My buddy as got a new phone..and gave me the above Nokia E7-00.
As you most of you know ...my Sim card wont be accepted as states (Sim card not valid!)
Been down the route purchasing of a unlock code....no good....for some reason.
Did a factory reset/hard reset still no joy.
Anyone got any other ideas?
Cheers
hoggie


----------



## aliclarke86 (15 May 2013)

I think like with most new phones you will need to take it to a shop.
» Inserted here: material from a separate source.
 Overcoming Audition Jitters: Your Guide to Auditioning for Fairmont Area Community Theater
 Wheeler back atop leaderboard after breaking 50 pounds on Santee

Either an independent shop that will probly charge about £30 or if your friend has finished the contract the original carrier should be able to unlock it. ( if the contract is not yet up then the phone still belongs to the carrier so they will not unlock it )

Just seen this 
	MobileUnlockGuide.com : Guides and instructions to unlock Nokia E7-00 mobile phones


----------



## GHNelson (15 May 2013)

Hi
Thanks for your help.
Tried the first one one the guide will try the second later.
Cheers
hoggie


----------



## aliclarke86 (15 May 2013)

I would try get it carrier unlocked if possible it will be the safest way


----------



## Alastair (15 May 2013)

Just to add, the unlock codes you get from shops or online unlocking sites will end up giving you the same network unlock code as there is only one specific to the imei of your handset. If the code you were given was for your imei and it didnt work then chances are it was either the wrong code or it needed to be hard reset before unlocking it. 
If ive ever had to get an unlock code for a handset I used cell unlocker pro. I had problems like you where the code didn't work to unlock my handset but turned out that I needed the unfreeze code to be enteted first which worked 

Also like ali mentioned if your friend has renewed their contract then the network should supply the unlock code for the handset anyway

Sent from my GT-I9305 using Tapatalk 2


----------



## GHNelson (16 May 2013)

Hi Alastair
I've had a word with my buddy he is going to phone O2 for the code.
Code Unlock Now company couldn't supply one.... 
Unfortunately we have been unable to calculate your unique unlock code at this time. This could have been down to a number of factors from the age of the handset to the code simply not being in our unlock code database or partners database.
Cheers...to everyone...hoggie


----------